- Developer: Sega
- Publisher: Sega
- Composer: Tokuhiko Uwabo
- Platform: Genesis
- Release: JP: September 9, 1989; NA: October 1989; PAL: January 1991;
- Genre: Sports
- Modes: Single-player, Multiplayer

= Arnold Palmer Tournament Golf =

1989 golf video game

Arnold Palmer Tournament Golf is a golf video game for the Sega Mega Drive/Genesis.

It was known as Ozaki Naomichi no Super Masters (尾崎直道のスーパーマスターズ, Ozaki Naomichi no Super Masters) in Japan, bearing the name of Naomichi Ozaki. It is one of the early Sega sports games where a celebrity athlete's name was added to the title when it was localized from Japan (the other two games being Tommy Lasorda Baseball and Pat Riley Basketball). Although Arnold Palmer is shown on the box cover and title screen, he is not referenced in the game itself.

==Gameplay==

The player must be aware of the wind conditions in addition to the amount of strength that is applied to the golf clubs while swinging.

The game features two game play modes: tournament and practice. Tournament mode consists of 12 rounds, each with 18 holes of golf. There are three different golf courses, one each in the United States, Japan, and Great Britain (though the scenery and the background does not vary). As the player progresses in the tournament mode, their skill level is increased allowing them to hit the ball further with greater control. They can also upgrade their golf clubs from the initial black carbon club set, to glass fiber and ceramic clubs. This also increases the distance the player is able to hit the ball. Arnold Palmer Tournament Golf has no save feature, but instead provides a password after each round of the tournament that allows the player to pick up where they left off.

In practice mode, one or two players can play a complete 18 rounds of golf on one of the three courses. Each player can set their skill level and use any of the three golf club sets available in the game.

Before each turn, the player's caddy will give advice based on its skill level. At first, the caddy can only give the distance from the ball's current position to the tee. As the game progresses, more skilled caddies can give distances to various landmarks and information about how the ball is lying. The player then selects which club to use during the shot. After this, the player can adjust their golfer's stance in order to put a draw or fade on the ball (all golfers in the game are right-handed).

To control the swing, the player uses a power gauge to select the strength and height of the shot. When the player first presses the shot button, a marker starts to move upwards to the top of the gauge. If the player hits the shot button again before it reaches the top (this controls how hard the shot will be), the marker will then move back down towards the starting position. The player then must hit the button a third time inside of a green area on the power gauge (this controls how high the shot will go in the air). If the player fails to hit the shot button a third time, the sequence will start over from the beginning.

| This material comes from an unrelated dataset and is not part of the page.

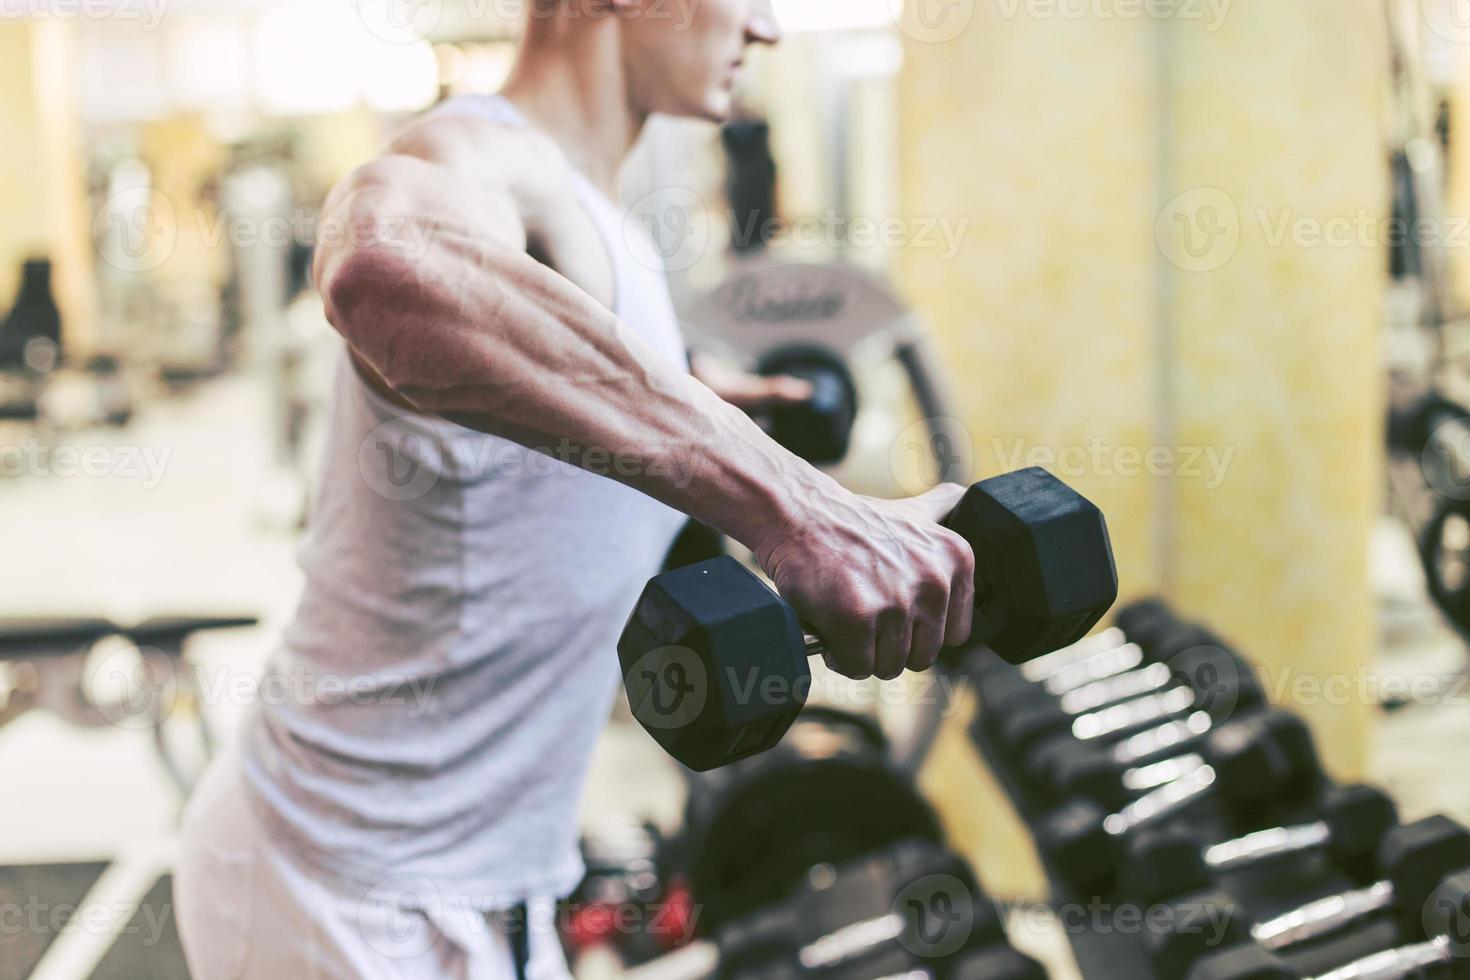 bodybuilder musculaire, faire des exercices avec des haltères dans la salle de gym photo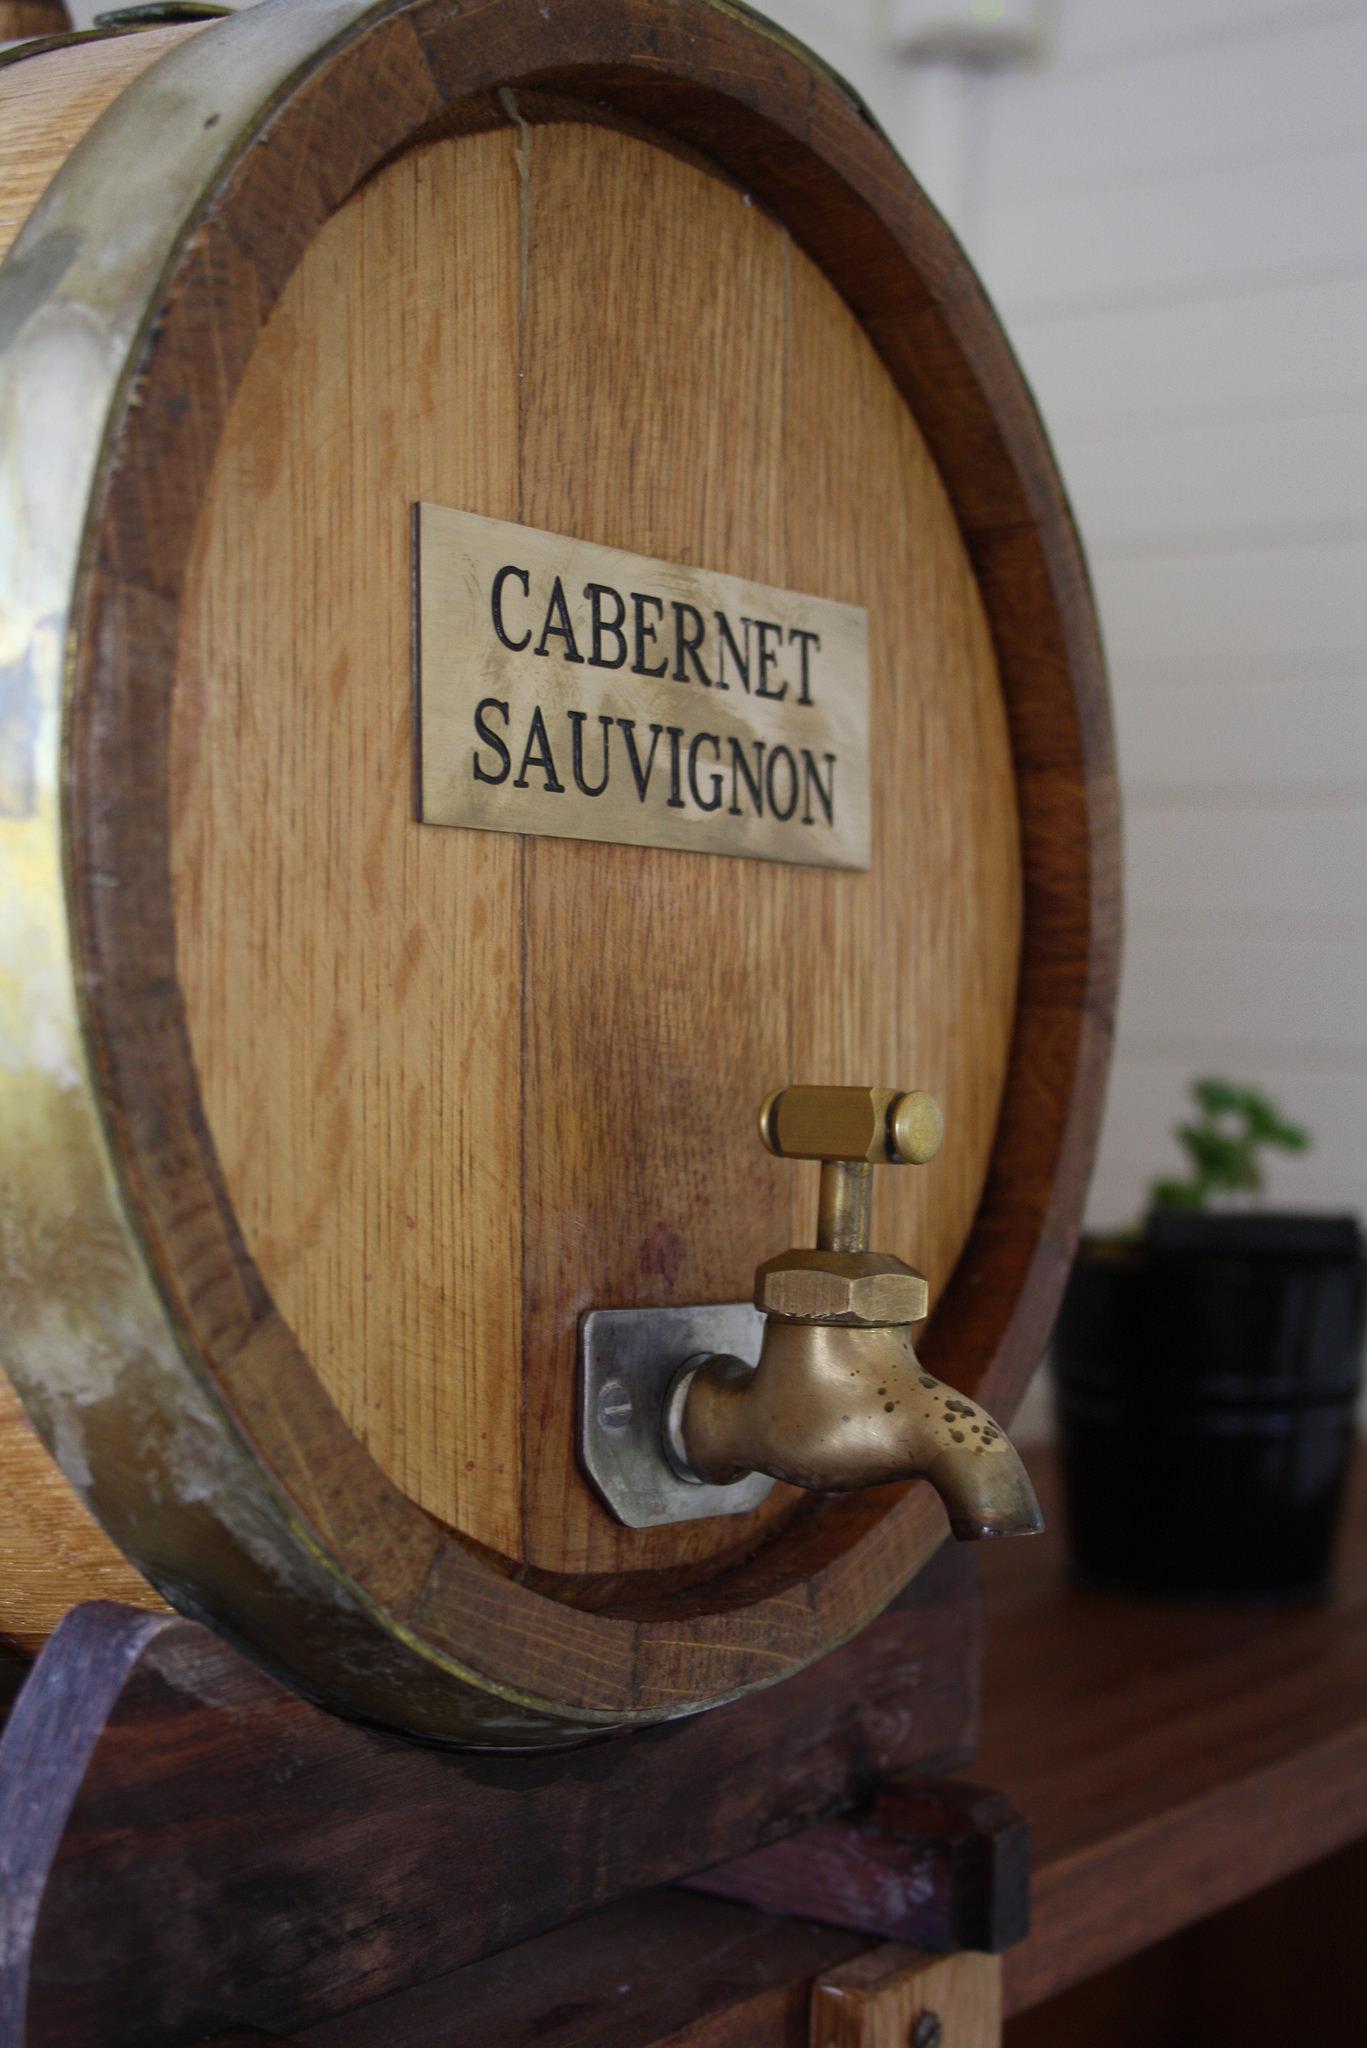 #embracehappy wine

When the ball reaches the putting green, a close-up of the screen will appear. The game will first show the distance from the ball to the tee, and then show a simple diagram of the lie on the green. The player will then be able to select how hard to hit the ball and in what direction.

==Connections to Sega franchises==
Pressing the start button allows the music to be changed and also whether a cheer from the gallery or not upon completing a hole is heard. Opa-Opa, the player-character from the Fantasy Zone series, is the cursor in the pause menu. Also, a trick allows the player to play a secret Fantasy Zone level by hitting the ball 100 times on the first hole of any course without holing out, then entering up, up, down, down, left, right, left, right, B, and A on the game over screen. The special level freezes after a certain number of enemies have been killed, but it is impossible to return to the golf game without resetting the system. In addition, Alex Kidd makes appearances in the Tournament Mode after nine holes have been played in each round (called "Coffee Breaks").